“Online Courses and High School Student Experiences”
Associate Professor of Education Policy
University of California, Davis
Wednesday, May 29th
617 Library Place
This talk explores several facets of online course-taking for high school students. A first set of analyses examines performance outcomes for high school students taking online courses in Florida. These analyses use fixed effects models to estimate differences in contemporaneous and downstream academic outcomes for students who take courses virtually and face-to-face—both for initial attempts and for credit recovery. We find that while contemporaneous outcomes are positive for virtual students in both settings, downstream outcomes vary by attempt type. For first-time course takers, virtual course taking is associated with decreases in the likelihood of taking and passing follow-on courses and in graduation readiness (based on a proxy measure). For credit recovery students, virtual course taking is associated with an increased likelihood of taking and passing follow-on courses and being in line for graduation. A second set of analyses looks descriptively at the extent to which online course offerings extend, rather than replace, the course offerings of brick-and-mortar high schools, and examines the characteristics associated with these different uses of online courses.

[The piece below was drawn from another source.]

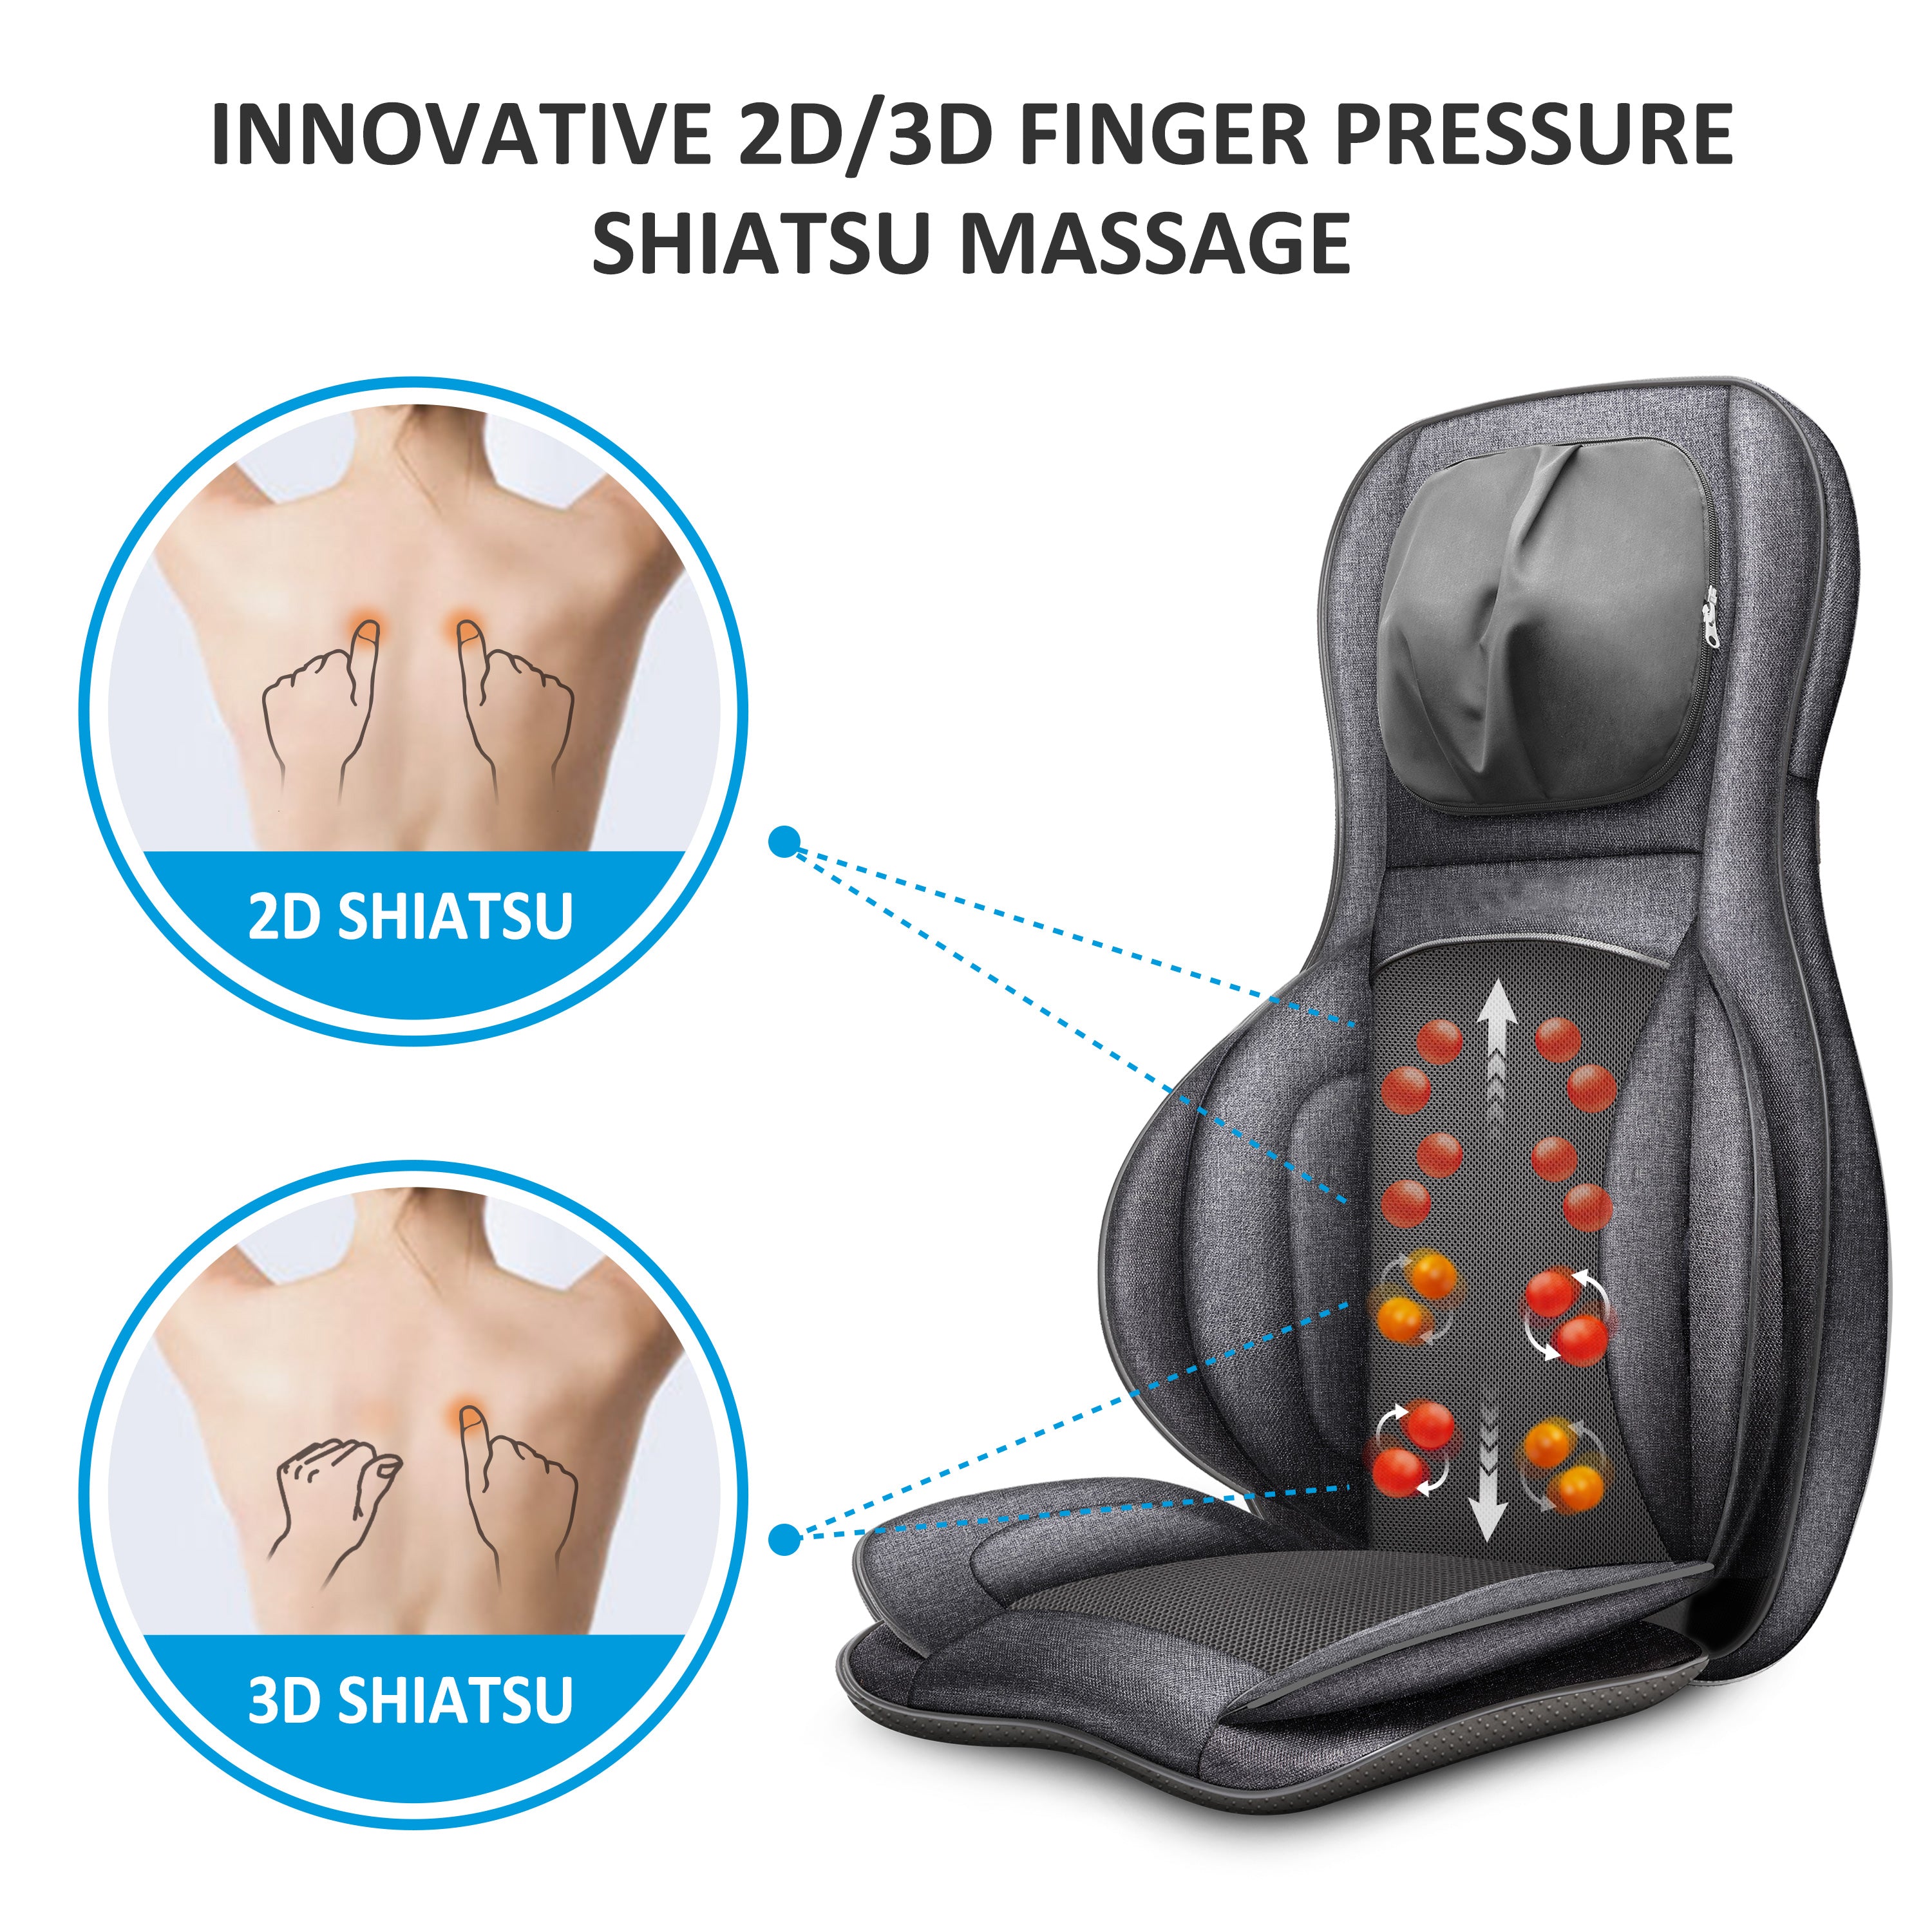 Comfier Shiatsu Neck and Back Massager Review So many functions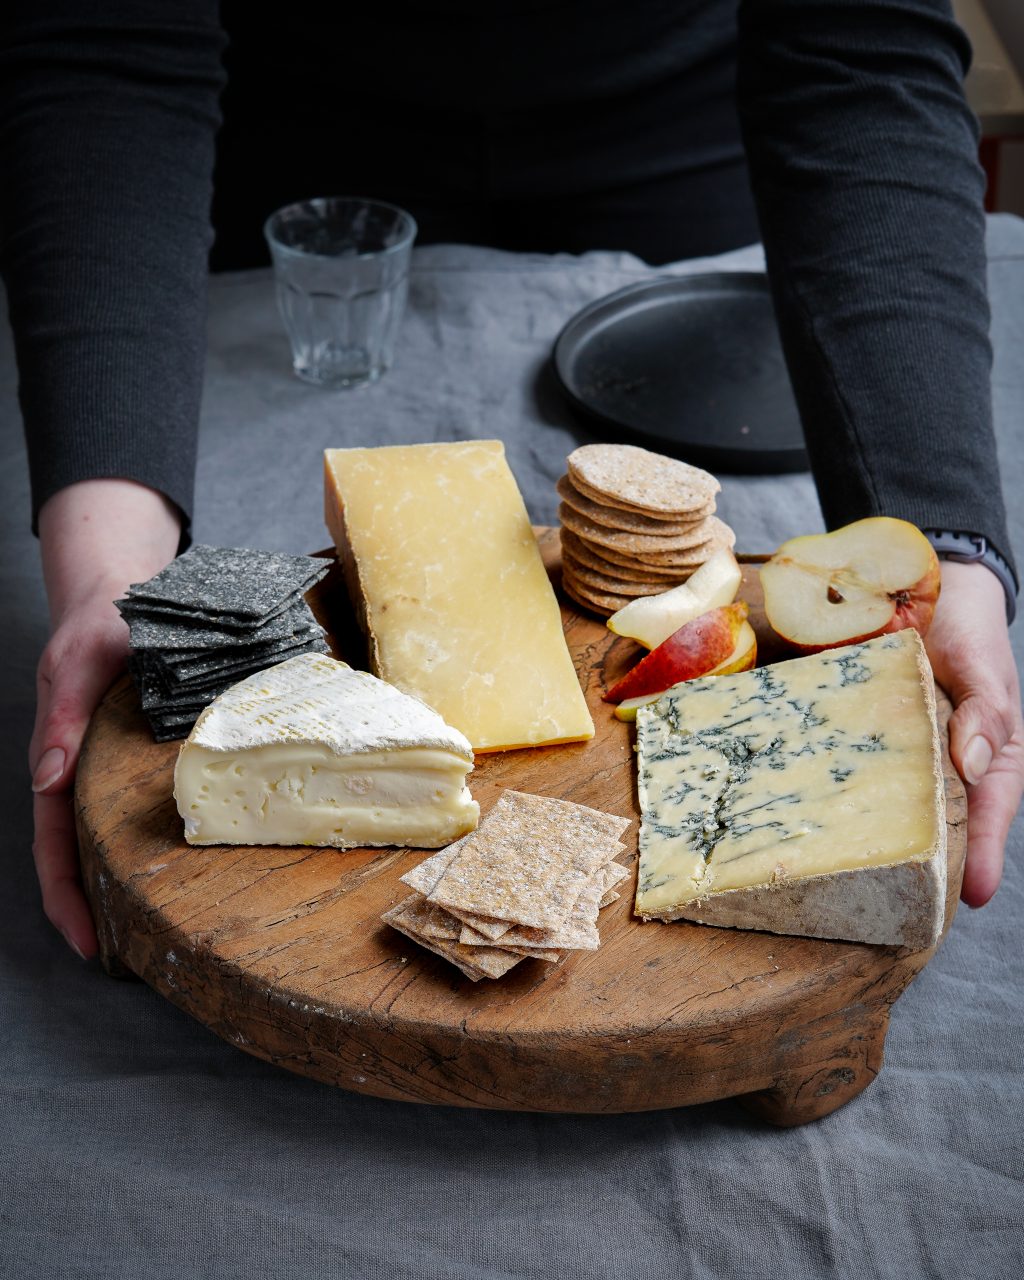 How to create #cheeseboardmoments during isolation | Peter's Yard

Cassandra Hart is an associate professor of education policy at the University of California, Davis. Hart’s research has focused on school choice programs, effects of online education on student outcomes, and effects on students of exposure to demographically similar teachers. Her research has been published in education and economics journals including Education Finance and Policy, Educational Evaluation and Policy Analysis, and American Economic Journal: Applied Economics. Hart received her PhD in Human Development and Social Policy from Northwestern University in 2011.
“Moving From What Works To What Replicates:
A New Framework for Evidence-Based Decision-Making”
Assistant Professor of Research, Statistics, and Evaluation
University of Virginia
Monday, May 20th
Library Place 617
Given the central role of replication in the accumulation of scientific knowledge, researchers try to replicate seemingly well-established findings. Mounting evidence, however, suggests that results from many studies are fragile and hard to replicate. The so-called “replication crisis” has important implications for evidence-based decision-making in the health and social sciences. At the same time, there is intense debate about what constitutes a successful replication and why certain types of replication rates are so low. A crucial set of questions for evidence-based decision-making involve questions about external validity and replicability. We need to understand the contexts and conditions under which interventions produce similar outcomes. To address these challenges, I introduce a novel framework that provides a clear definition of replication, and highlights the conditions under which results are likely to replicate (Wong & Steiner, 2018). I present replication as a prospective research design. This makes it possible to define key assumptions for the direct replication of results, and to show how different replication designs can be derived and used to evaluate treatment effect heterogeneity. I argue that replication designs are feasible, desirable, and relevant in real world settings that are important for evidence-based decision-making.
Vivian C. Wong is a research methodologist in the field of Education. Currently, Dr. Wong is an Assistant Professor in Research, Statistics, and Evaluation in the Curry School of Education at the University of Virginia. Her research focuses on evaluating interventions in early childhood and K-12 systems. As a methodologist, her expertise is in improving the design, implementation and analysis of randomized experiments, regression-discontinuity, interrupted time series, and matching designs in field settings. She is currently examining the design, implementation, and analysis of replication studies in field settings, as well as developing innovative methods for evaluating No Child Left Behind. Dr. Wong participated in the Institute for Education Sciences (IES) Predoctoral Training Program at Northwestern University, and received the Outstanding IES Predoctoral Fellow Award in 2010 for her dissertation work on “Addressing Theoretical and Practical Challenges in the Regression-Discontinuity Design.” She is a Principal Member of IES’s Statistics and Methodology review panel.